The histogram below is drawn TWICE: once from the corrected real-time fit (what an analyst would see in real time) and once from the counterfactual retro fit (what a perfect-information analyst with exposure-aware filtering would see). Both use a 2×2 layout over obs_date to match the R(t) overlay panel above.

julia
function plot_controlled_hist(pred; size_kw = (1500, 1200))
    kinds = [(:strict_samples, "intervention 2018-12-31"),
        (:at_obs_samples, "intervention at cut-off"),
        (:natural_samples, "no intervention")]
    df_hist = @chain pred begin
        mapreduce(vcat, _) do c
            mapreduce(vcat, kinds) do (field, label)
                DataFrame(panel = string(c.obs_date), kind = label,
                    value = Float64.(getproperty(c, field)))
            end
        end
        groupby(:panel)
        @transform :cap = quantile(:value, 0.99)
        @rsubset :value <= :cap
        @select :panel :kind :value
    end
    df_vline = @chain pred begin
        DataFrame(panel = string.(getfield.(_, :obs_date)),
            kind = "realised",
            value = Float64.(getfield.(_, :actual_future)))
    end
    hist_spec = data(df_hist) *
                mapping(:value => "Future cases";
                    color = :kind, layout = :panel) *
                visual(Hist; bins = 30, normalization = :pdf, alpha = 0.4)
    vline_spec = data(df_vline) *
                 mapping(:value; color = :kind, layout = :panel) *
                 visual(VLines; linewidth = 3)
    draw(hist_spec + vline_spec;
        facet = (linkxaxes = :none, linkyaxes = :none),
        figure = (; size = size_kw))
end
plot_controlled_hist (generic function with 1 method)

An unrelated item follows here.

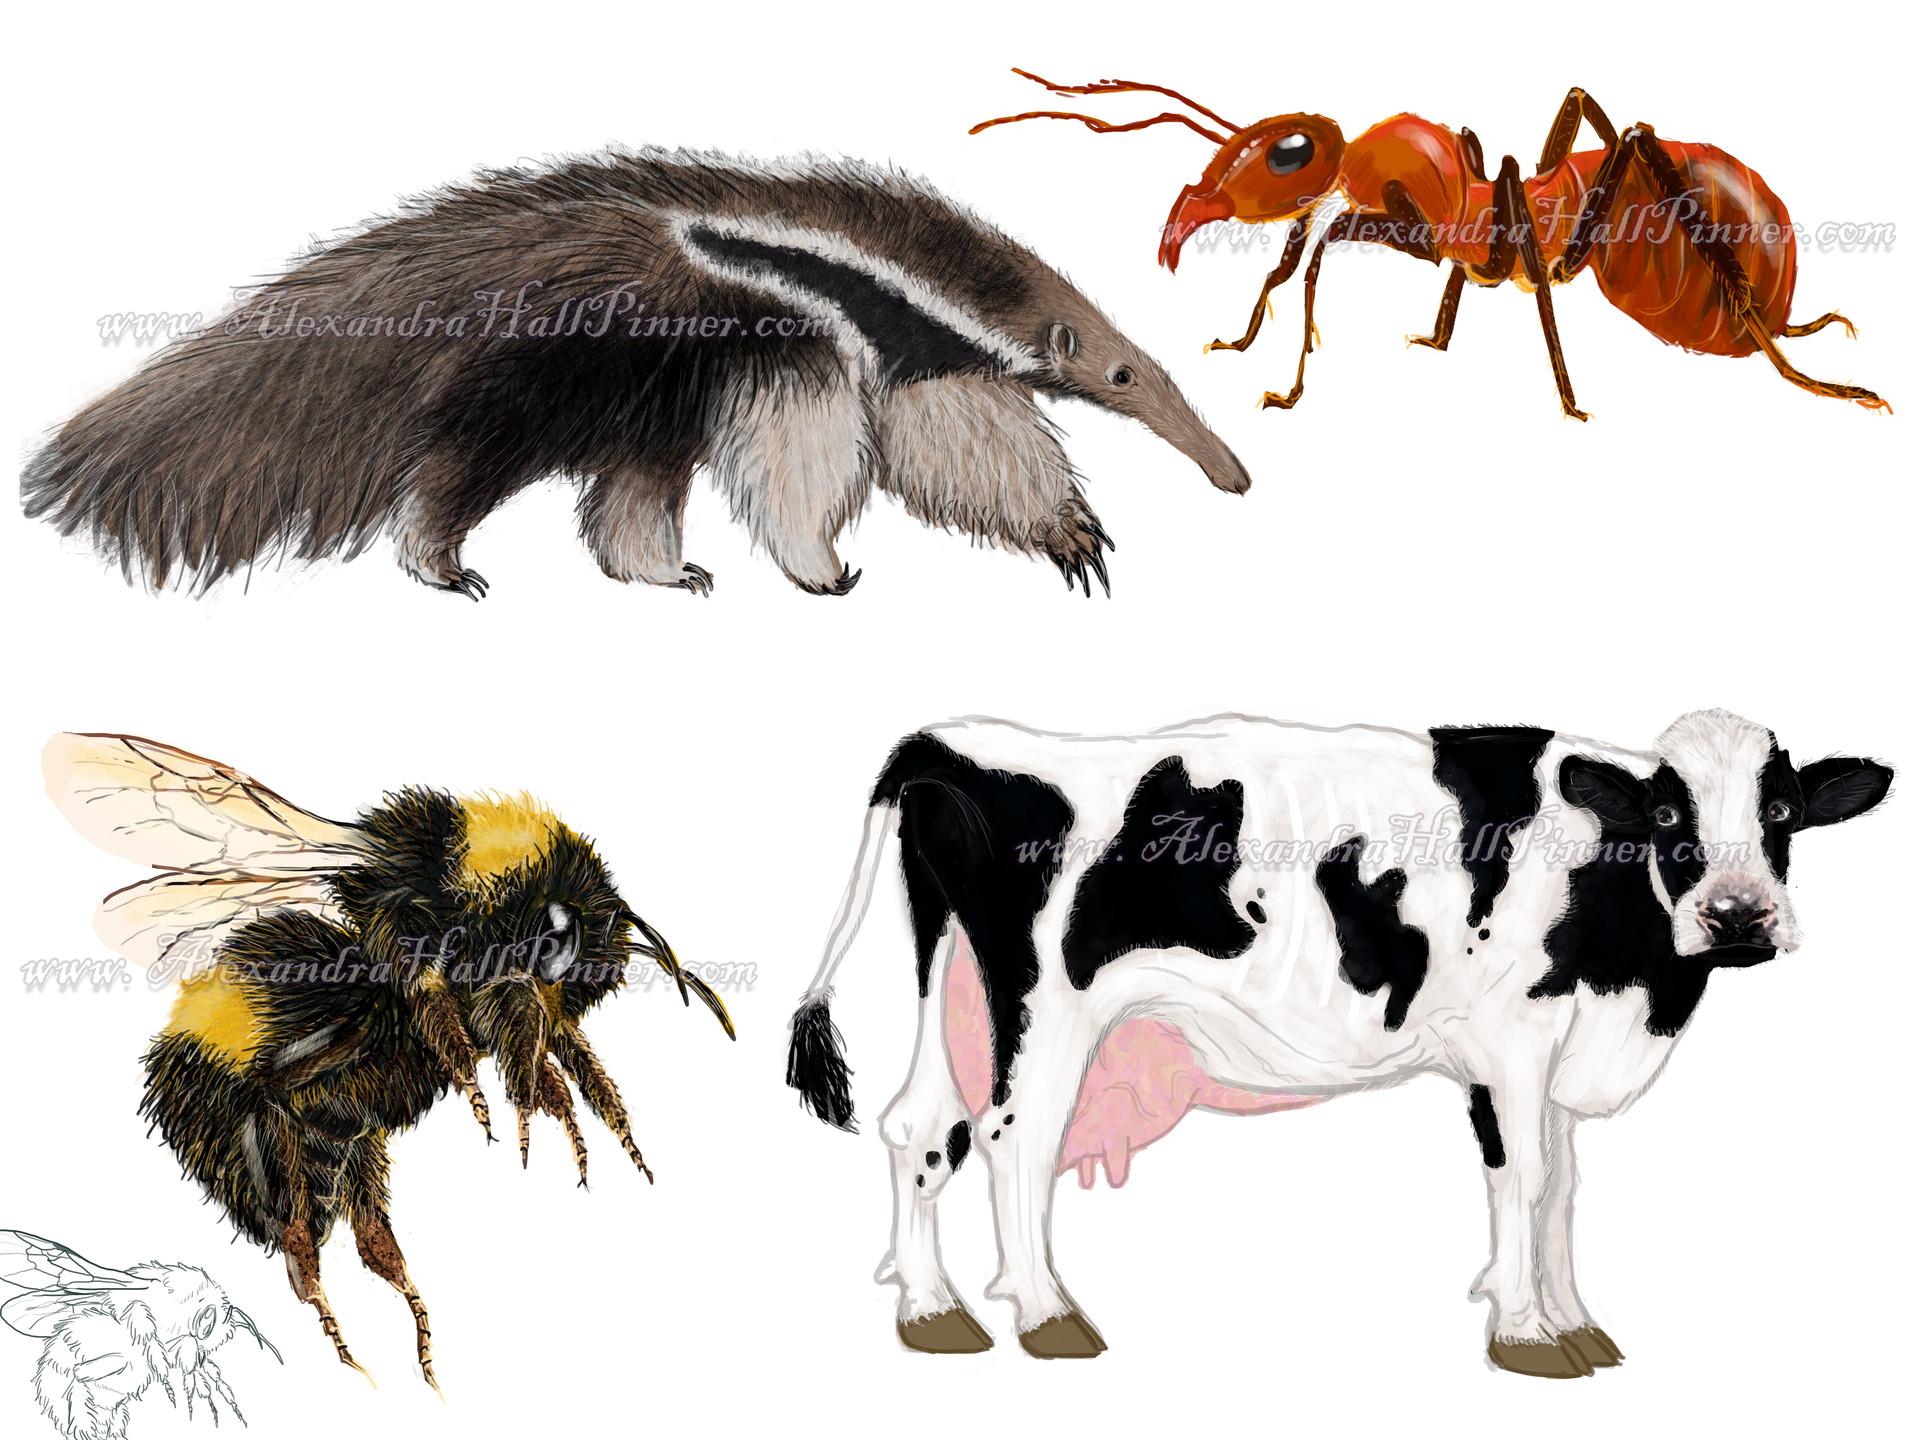 Alexandra hall pinner animals compile

Corrected real-time predictive distribution (top).

julia
plot_controlled_hist(controlled)

Counterfactual retro predictive distribution (below): same scenarios, but conditioned on the counterfactual retro fit at each cut-off.

julia
plot_controlled_hist(controlled_truth)

Why the Jan 7 predictive is wider than Dec 31, and how Jan 14 tightens

More data does not always mean a tighter future-cases prediction. At Jan 7 the line list adds secondary cases with onsets in the last week before the cut-off, so for those sources the chain is far from complete and most of their expected offspring still lies in the future. At Dec 31 the late-onset sources are fewer and most of their expected offspring chains have already completed, so each source contributes less to the future window. By Jan 14 the late-December sources have had two further weeks for their offspring to surface, so the completeness factor pins their per-source rate more tightly and the predictive distribution narrows even though the late-cut-off sources themselves remain pipeline-heavy. By Jan 21 the same is true of the early-January cohort, so the predictive tightens further toward the realised count.

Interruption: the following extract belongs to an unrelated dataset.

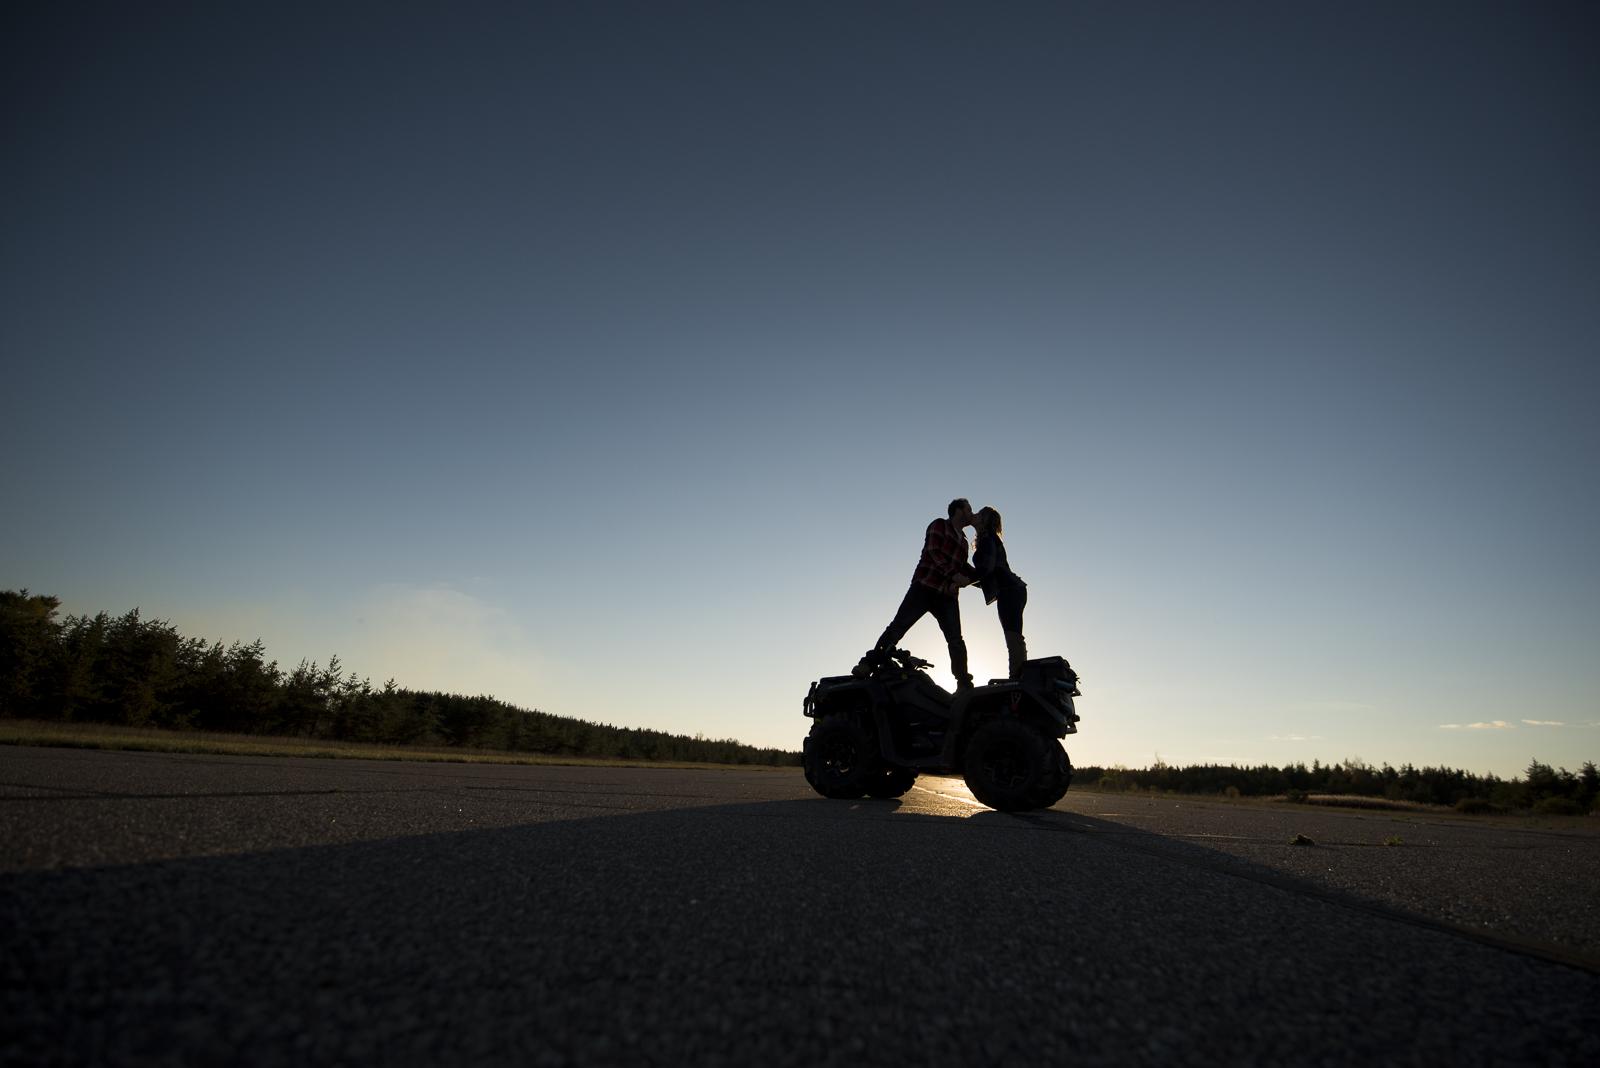 Engagement_Photography_Dan_Garrity_Media_Thunder_Bay13

Why the upper tail is wide even under the strict counterfactual

Under the assumed strict counterfactual we still expect a substantial pipeline from sources who became symptomatic just before the assumed intervention date. Their offspring chains were almost certainly initiated before the cut-off (the fitted transmission timing δ is centred near zero days post-source-onset), and most of those offspring would still be in the incubation period at obs_date. The wide upper band reflects two compounding sources of uncertainty: the R(t) posterior at the latest knots is wide because few cases inform it directly, and the small posterior of the dispersion k means even sources with no observed offspring carry meaningful pipeline mass. See the Limitations page for the real-time fitting caveats.

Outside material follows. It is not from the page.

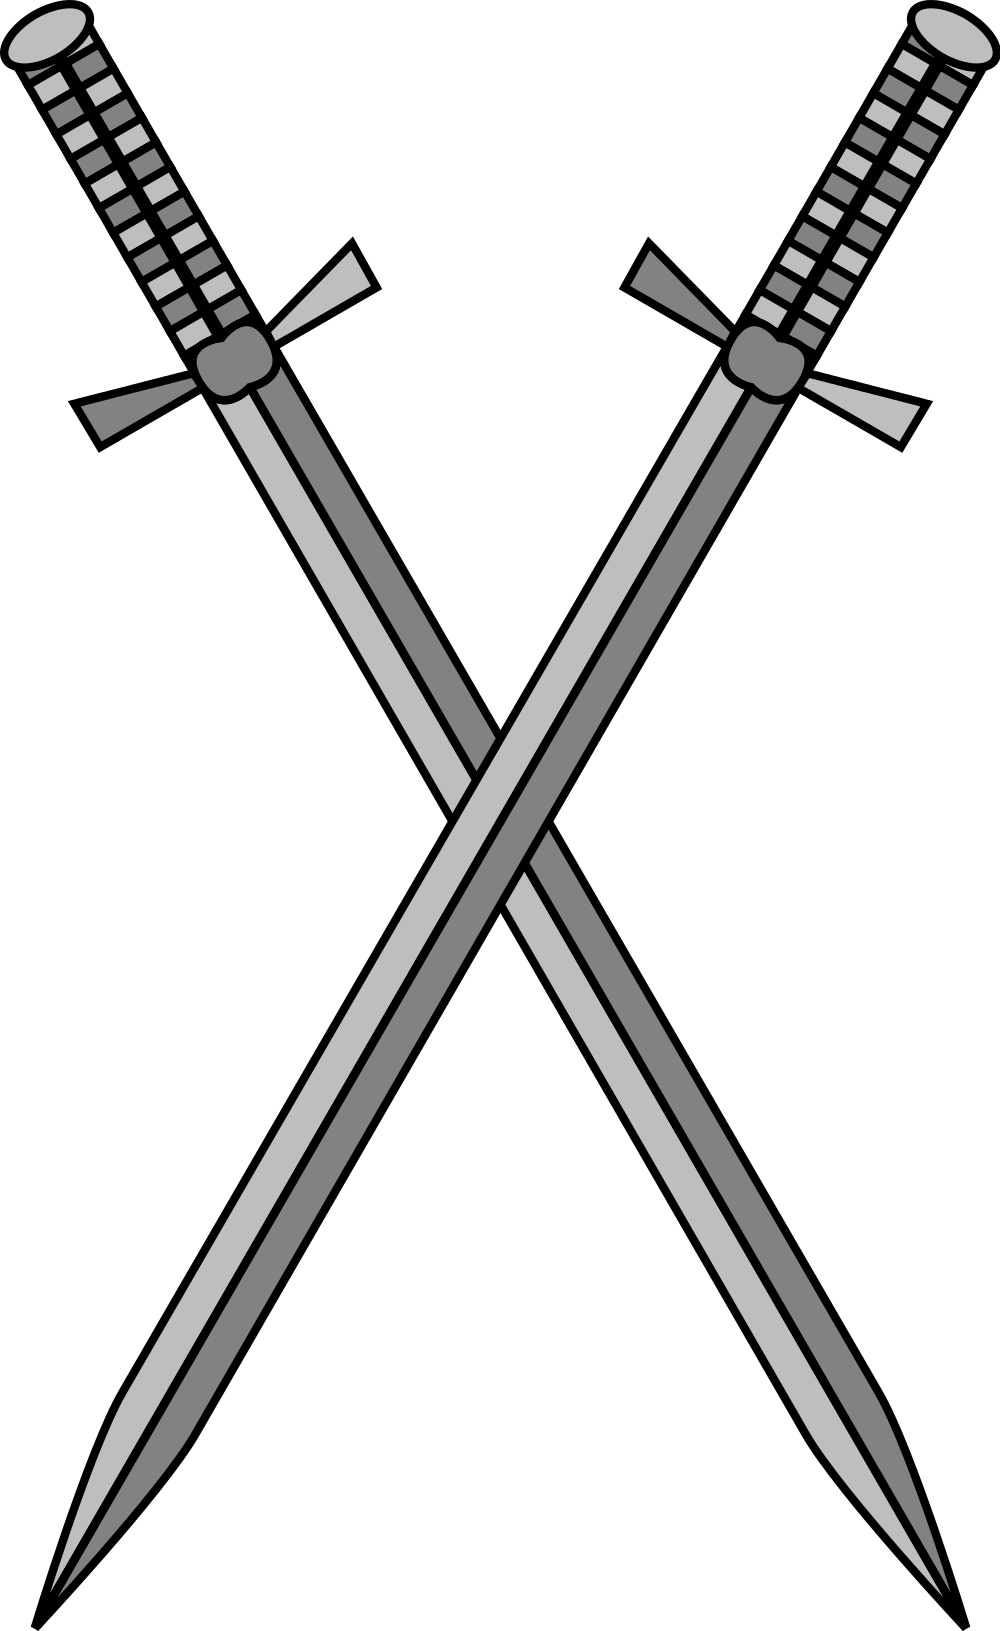 Masonic svg #1, Download drawings

Per-source intervention rules

The scenarios above set a single intervention date (or none) that applies to every source. intervention_time also accepts a Vector{Date} of length N — one cut-off per observed source — for cases where isolation policies differ across individuals. An aggressive contact-tracing scenario in which each case is isolated on or shortly after their own symptom onset could be encoded by passing a per-source vector derived from ll_rt.onset_date. We do not have direct evidence of per-case isolation in the Epuyén outbreak so we do not run this scenario here, but the API supports it.